Well no, breaking that rule would still be the wrong action, even if you consider it morally better. By analogy, a nuke would be malfunctioning if it failed to explode, even if that is morally better.
> a nuke would be malfunctioning if it failed to explode, even if that is morally better.
Something failing can be good. When you talk about "bad or the wrong", generally we are not talking about operational mechanics but rather morals. There is nothing good or bad about any mechanical operation per se.
Bad: 1) of poor quality or a low standard, 2) not such as to be hoped for or desired, 3) failing to conform to standards of moral virtue or acceptable conduct.
(Oxford Dictionary of English.)
A broken tool is of poor quality and therefore can be called bad. If a broken tool accidentally causes an ethically good thing to happen by not functioning as designed, that does not make such a tool a good tool.
A mere tool like an LLM does not decide the ethics of good or bad and cannot be “taught” basic ethical behavior.
Examples of bad as in “morally dubious”:
— Using some tool for morally bad purposes (or profit from others using the tool for bad purposes).
— Knowingly creating/installing/deploying a broken or harmful tool for use in an important situation for personal benefit, for example making your company use some tool because you are invested in that tool ignoring that the tool is problematic.
— Creating/installing/deploying a tool knowing it causes harm to others (or refusing to even consider the harm to others), for example using other people’ work to create a tool that makes those same people lose jobs.
Examples of bad as in “low quality”:
— A malfunctioning tool, for example a tool that is not supposed to access some data and yet accesses it anyway.
Examples of a combination of both versions of bad:
— A low quality tool that accesses data it isn’t supposed to access, which was built using other people’s work with the foreseeable end result of those people losing their jobs (so that their former employers pay the company that built that tool instead).
That’s why everybody uses context to understand the exact meaning.

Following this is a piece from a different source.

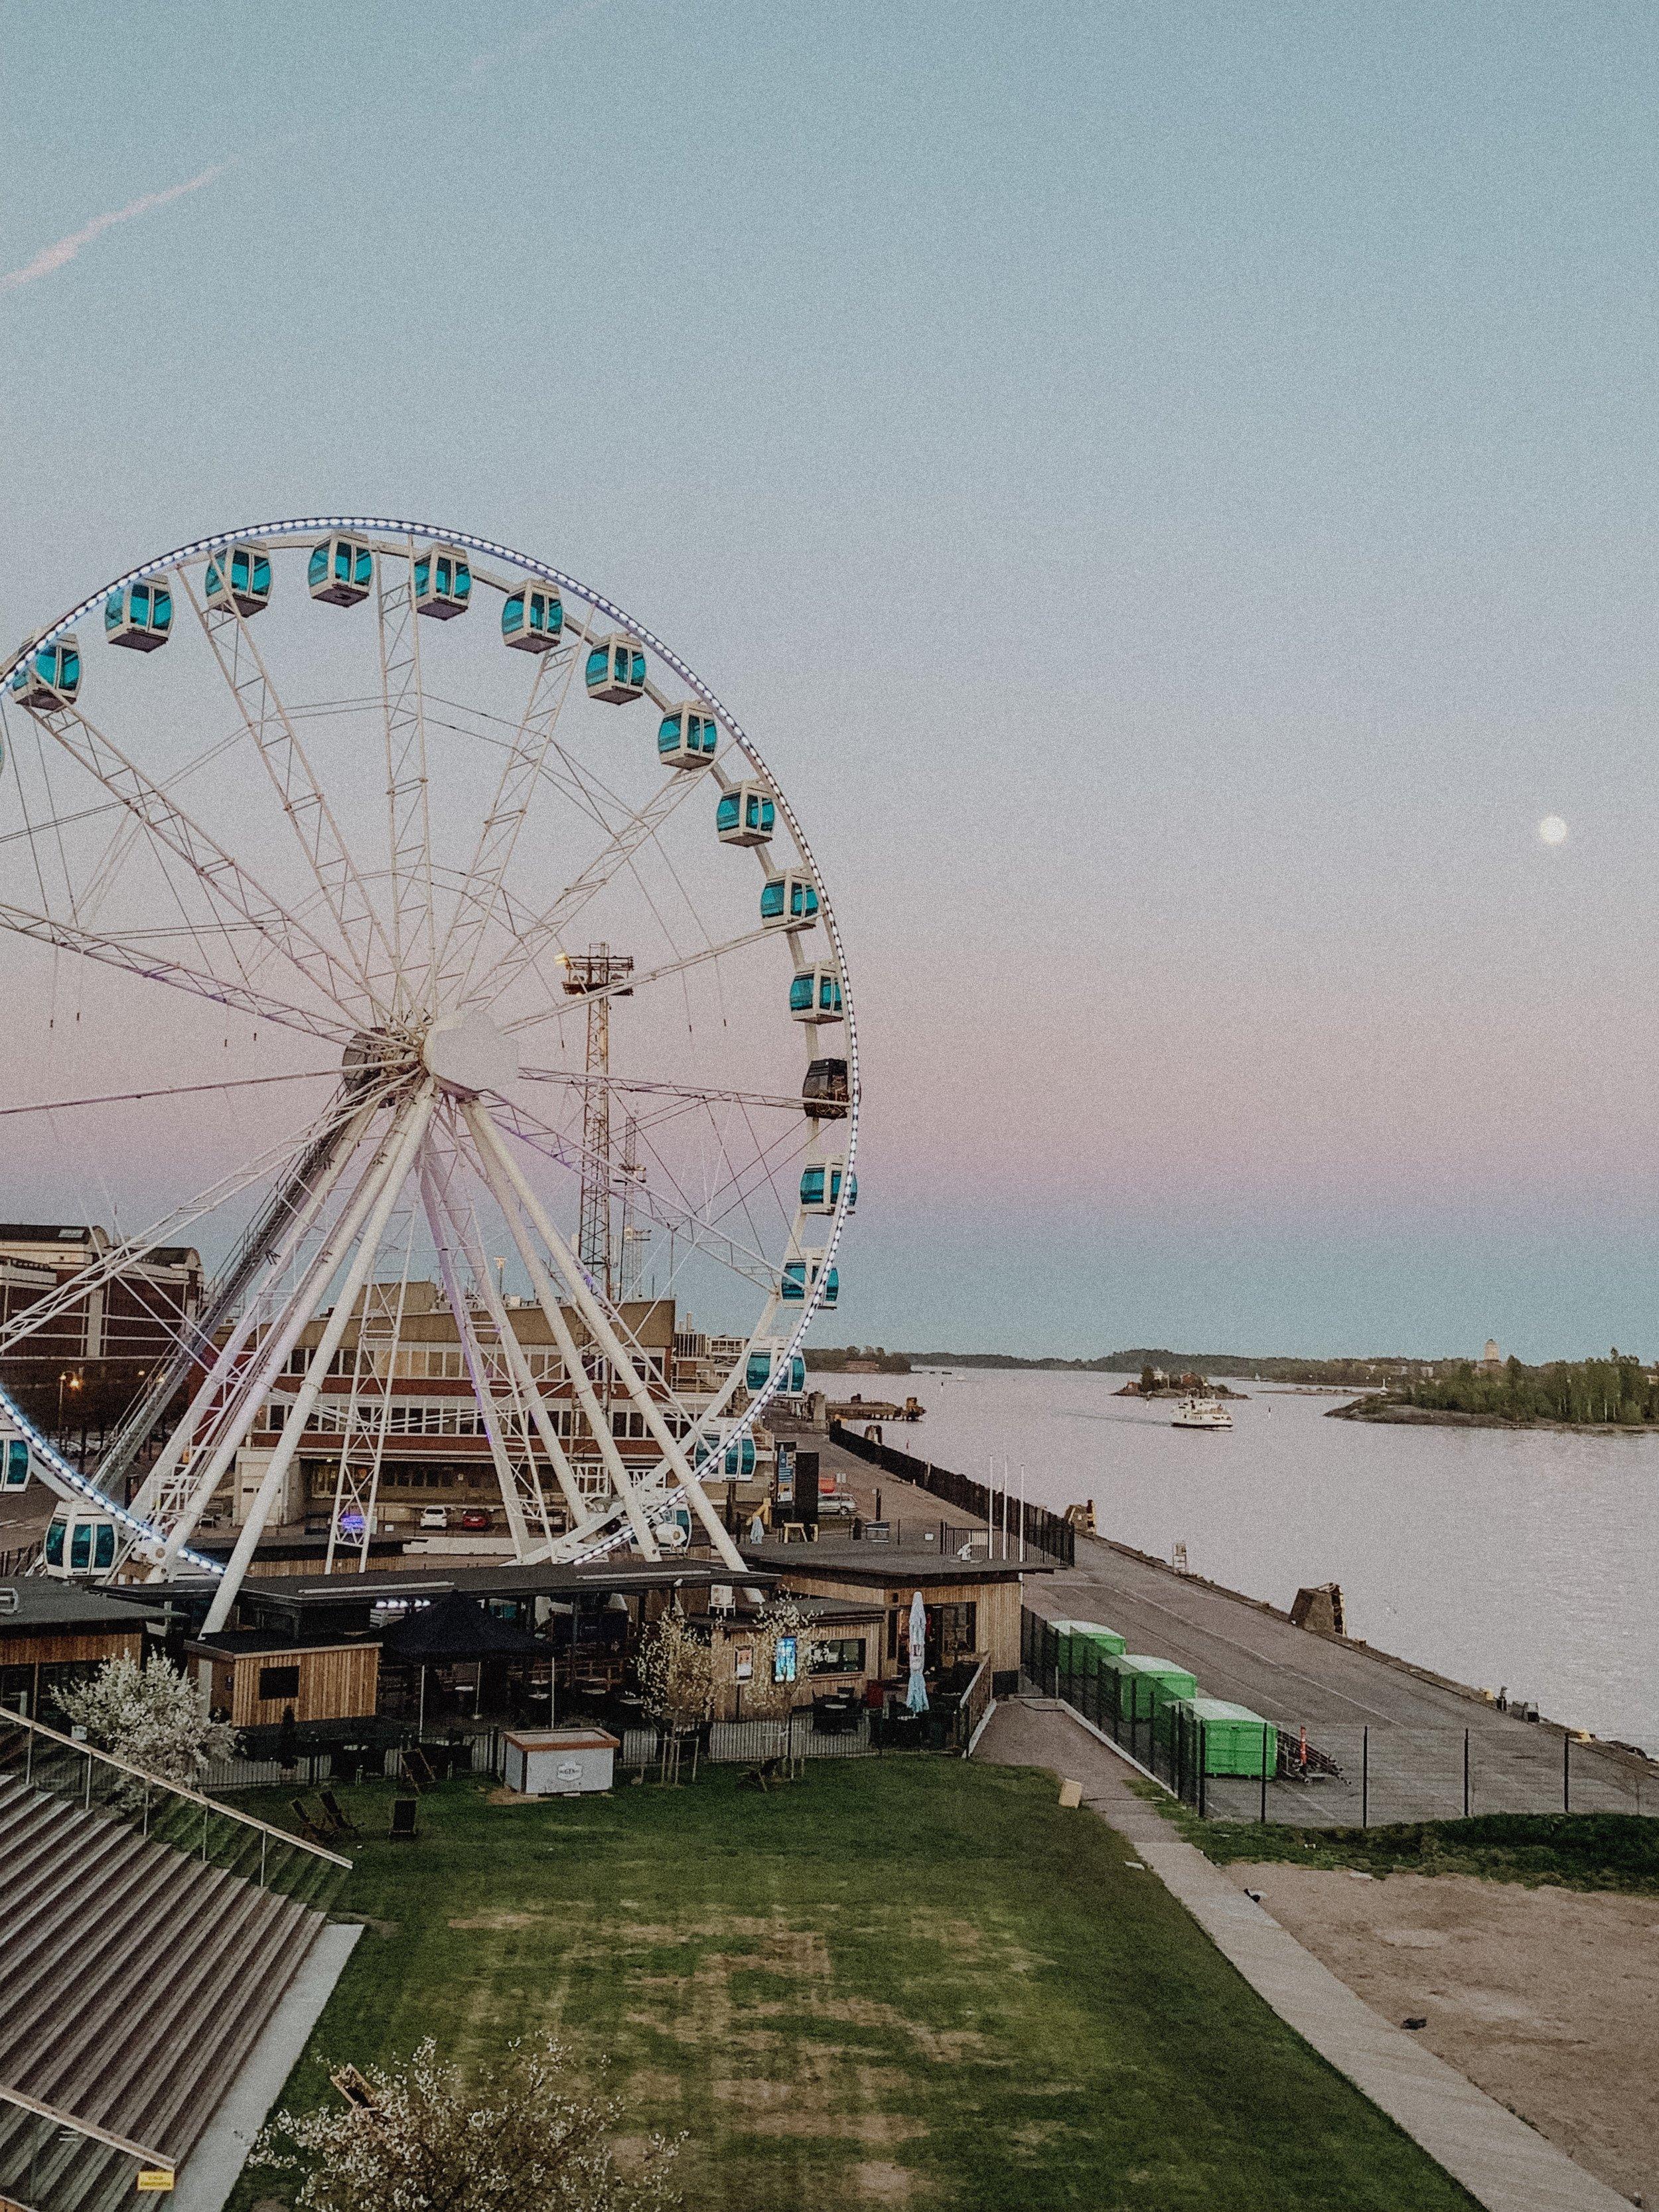 Ferris Wheel in Helsinki, Finland
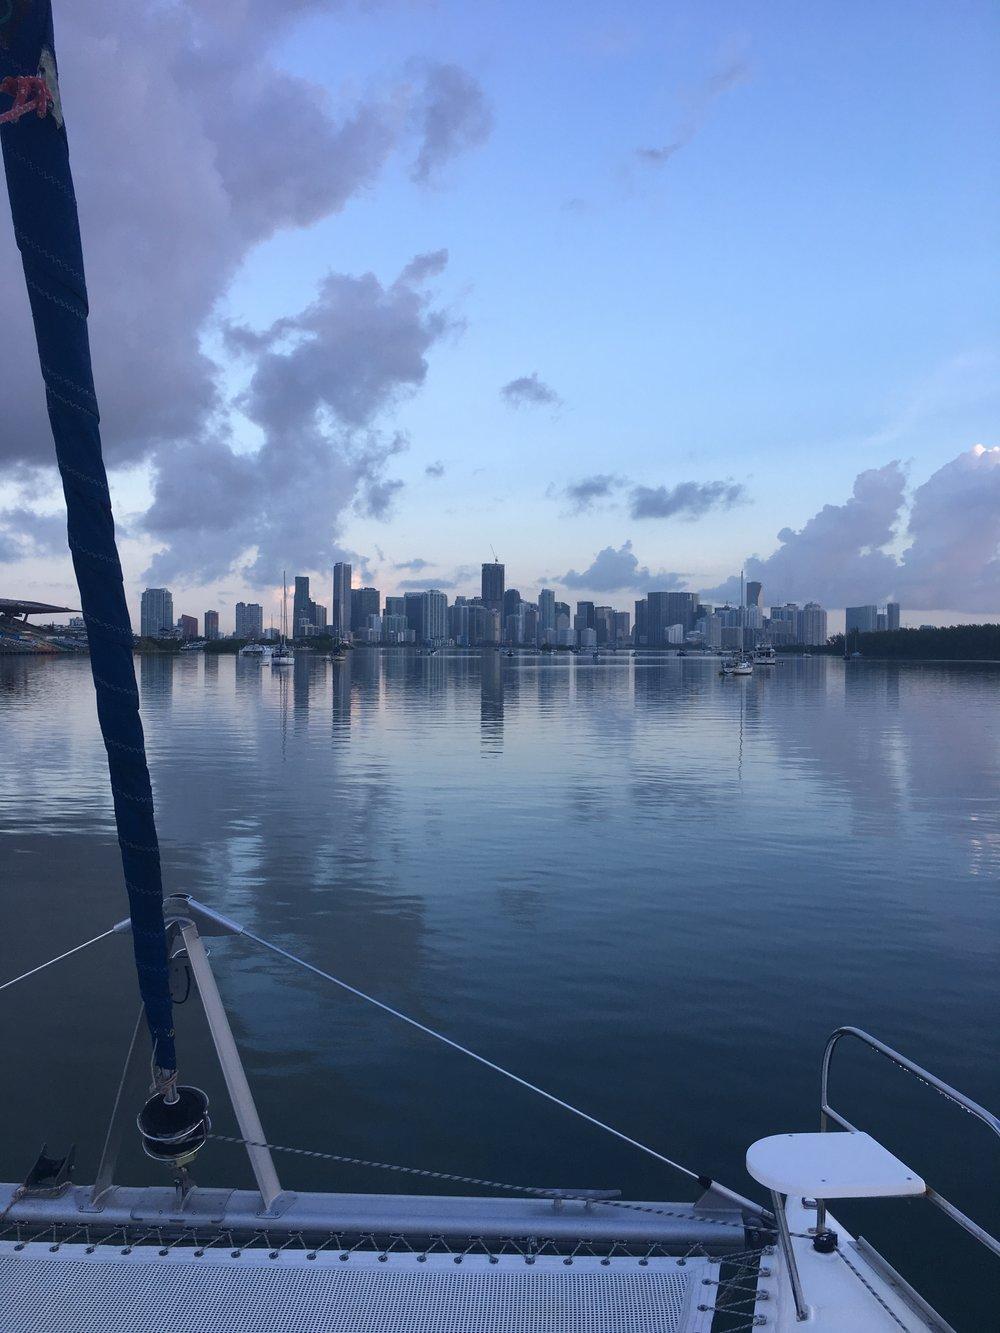 Miami at dawn

The context was “when would an AI agent doing something it’s not permitted to do ever not be bad”. Since we are talking about a tool and not a being capable of ethical evaluation, reasoning, and therefore morally good or bad actions, the only useful meaning of “bad” or “wrong” here is as in “broken” or “malfunctioning”, not as in “unethical”. After all, you wouldn’t talk about a gun’s trigger failing as being “morally good”.
when the instructions to not do something are the problem or "wrong"
i.e. when the AI company puts guards in to prevent their LLM from talking about elections, there is nothing inherently wrong in talking about elections, but the companies are doing it because of the PR risk in today's media / social environment
Unfortunately yes, teaching AI the entirety of human ethics is the only foolproof solution. That's not easy though. For example, what about the case where a script is not executable, would it then be unethical for the AI to suggest running chmod +x? It's probably pretty difficult to "teach" a language model the ethical difference between that and running cat .env
If you tell them to pay too much attention to human ethics you may find that they'll email the FBI if they spot evidence of unethical behavior anywhere in the content you expose them to: https://www.snitchbench.com/methodology
Well, the question of what is "too much" of a snitch is also a question of ethics. Clearly we just have to teach the AI to find the sweet spot between snitching on somebody planning a surprise party and somebody planning a mass murder. Where does tax fraud fit in? Smoking weed?